Facts About Martial Arts for Kids (Part 5)

“Will my child become more violent from learning karate, jujitsu, or another martial art?”

In a word, “No.” Children learn self-control by practicing martial arts; and the code of conduct that is enforced, within the studio, is carried outside into every day life. The average martial arts school works with parents, and academic teachers, toward the goal of optimum student success.

When you see a Karate demonstration team perform, that is not an indicator of the life skills taught within the Karate class. It is the “flashiest” component of Karate training, presented to capture the public attention. Ten minutes of kids using ancient weapons, breaking, and working in synchronized choreography, is more interesting to the public, than a lecture, by me, about dealing with bullies without violence.

However, let’s take a closer look at the ten minutes of flash. The next time you see a martial arts demonstration team, remember those children have to practice those techniques over and over again. This requires self-discipline, goal setting, perseverance, and each child being a team player.

There is no room for a “one way” personality on any martial arts demonstration team. Such a personality would work against a good public performance. In a typical Karate class, all of the above-mentioned life skills are learned and much more.

Children learn much more about violence on the television, playing with video games, and dealing with daily life, than they will ever learn in a karate class. Even if a Karate teacher was the classic “evil sensei,” that you may have seen in the Karate Kid movie or on Kung Fu Theatre, most children can think of far worse violence.

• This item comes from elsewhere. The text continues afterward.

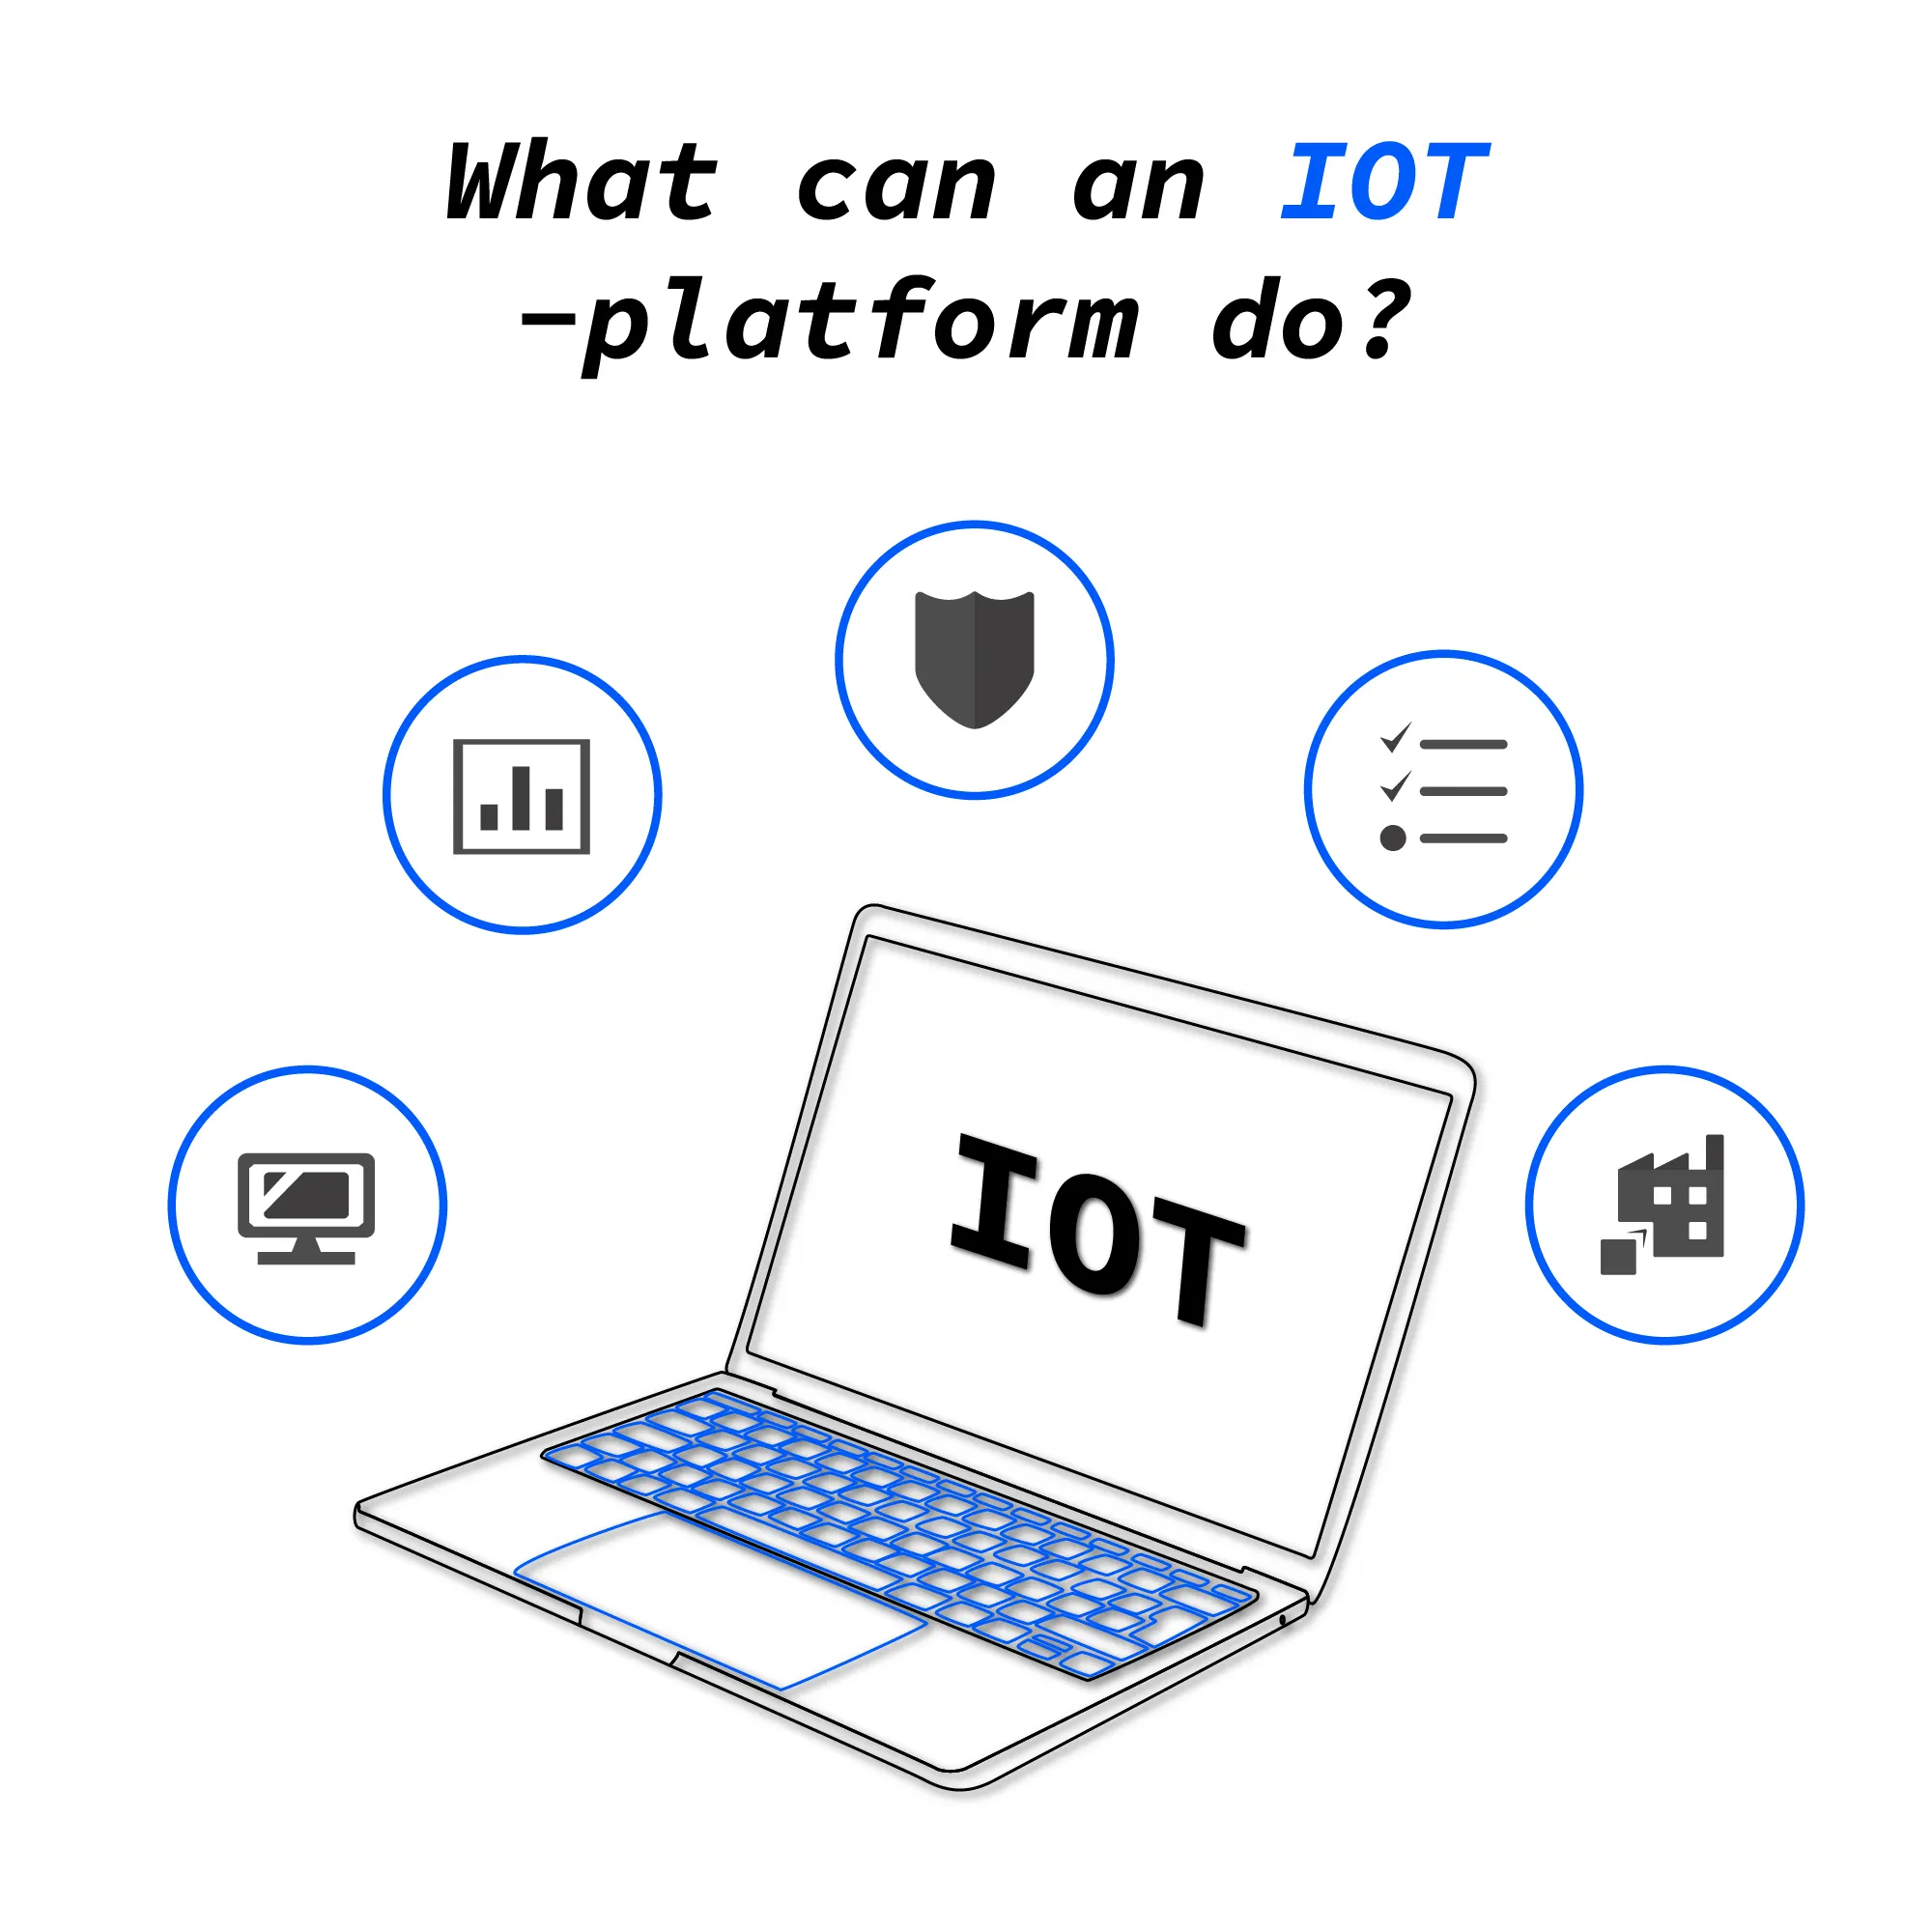 What can IoT platform do

All you have to do is watch the news, cartoons, listen to the radio, or read a newspaper, to see things worse than unsupervised hand-to-hand combat. So, the self-defense methods taught to children actually pale in comparison to school shootings, bombings, wars, and drive-by shootings.

Karate was created by unarmed civilians on the island of Okinawa and was taught in secret among family members for their personal protection. The philosophy, within a martial arts school, will not always be the same, but the seeds of violence are not sown within a martial arts setting.

All you have to do is look around you to see more, and far worse, violence than learning self-defense – integrated with constructive life skills. The fact is a martial artist is not a “street fighter.” If that were a requirement, we would recruit the toughest kids in North Providence.

As I explain to the children in my Karate and Jujitsu classes, “Never forget the word, “artist,” means to be creative, to be an innovator, and to think for yourself.” Children who learn martial arts are more apt to be well adjusted and defuse a potentially violent situation.

On top of that, most children who study Karate, or any other martial art, will not be “trouble makers.” The children we teach from the Greater Providence, Rhode Island area have learned enough about leadership, in our Karate and Jujitsu classes, to think for themselves.

For parents, the gift of martial arts training to their children has many rewards, right now, and into their future.